In October 2018 I flew across the world to the laboratory of Dr David Crossman at the University of Auckland in New Zealand. The goal: to study pathological remodelling in human heart biopsies from patients with idiopathic dilated cardiomyopathy (IDCM), using the super-resolution imaging technique expansion microscopy (ExM).
Our interest lies in seeing whether nanodomain remodelling observed in a rat model of heart failure in Leeds, including reorganisation of the internal calcium compartments and functional modification to calcium-handling proteins, is also present in end-stage human heart failure. Understanding the mechanisms of remodelling is one of the first steps towards investigating whether they can be targeted for preventative therapies.

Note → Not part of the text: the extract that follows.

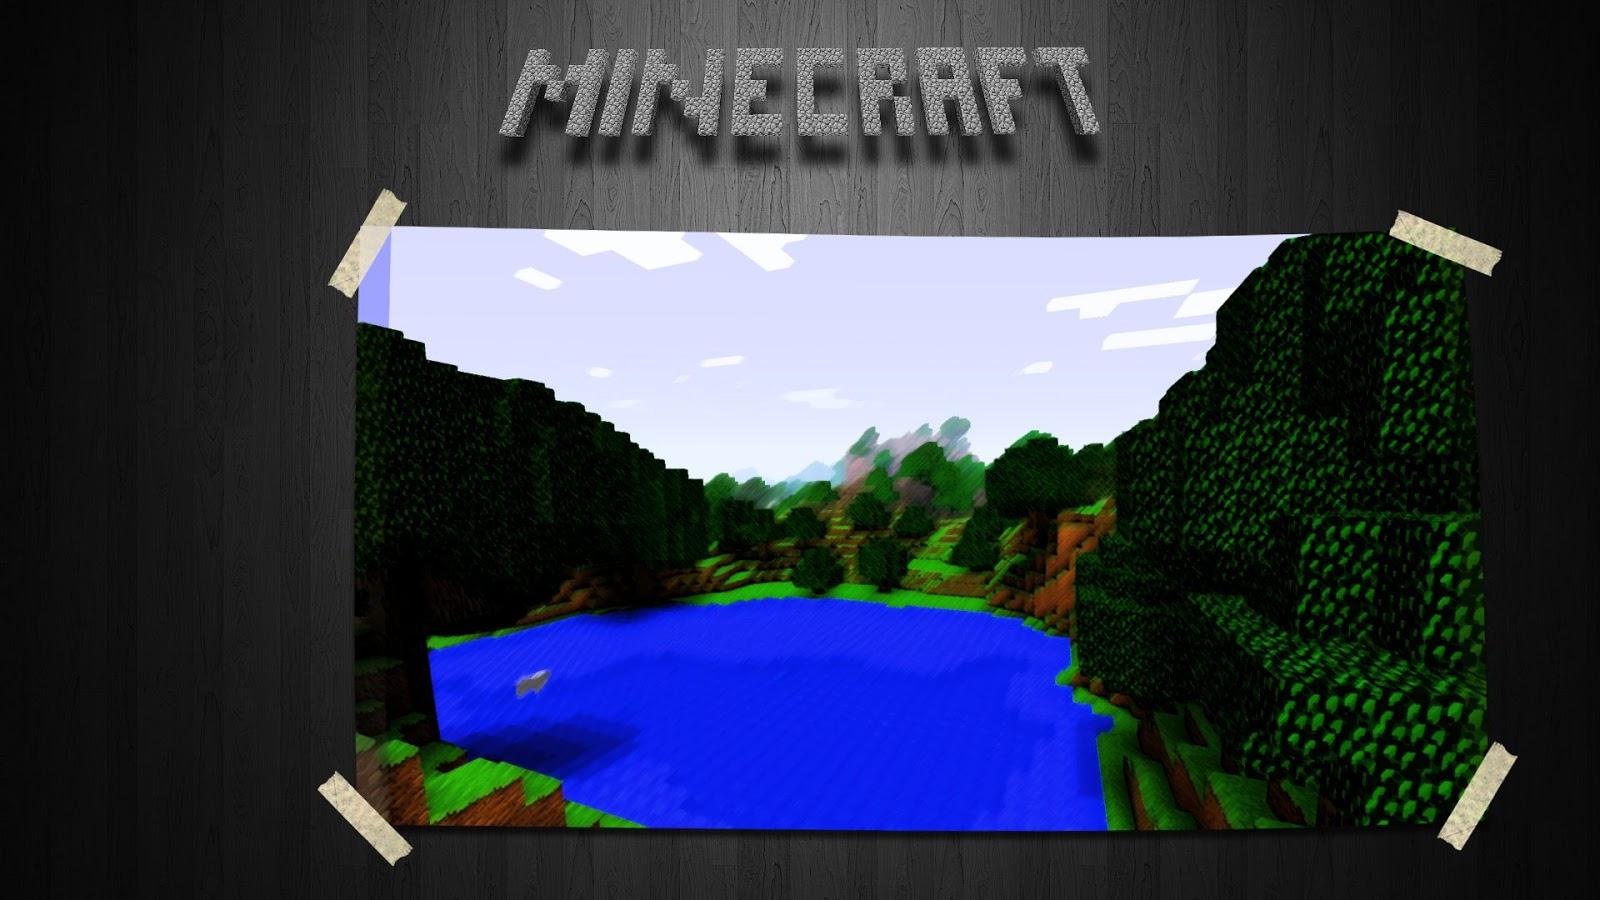 Cool Minecraft WallpapersHD Minecraft WallpapersMinecraft Wallpaper 1600x900

ExM is novel imaging technique, enabling super-resolution imaging by spatially separating fluorophores within a swellable hydrogel. The compatibility of ExM gels with standard microscopes enables greater imaging depth and improved axial resolution over competing super-resolution techniques. ExM therefore provides a practical tool to observe remodelling within dyadic calcium release clusters. I was responsible for starting ExM experiments from scratch in a new lab across the world, requiring efficient independent work to obtain meaningful data in the space of just 4 weeks.
It was fantastic to take this journey and work in a laboratory that is home to a strong consortium of leading cardiovascular researchers. In my final week I gave a 30-minute seminar, in which I presented work to the physiology department and the wider bio-imaging facility. This allowed me to reach an international audience and receive valuable feedback on the progression of my research.
Many thanks to the MRC and DiMeN flexible fund grant which made this trip possible, and special thanks to David Crossman for welcoming me into his lab.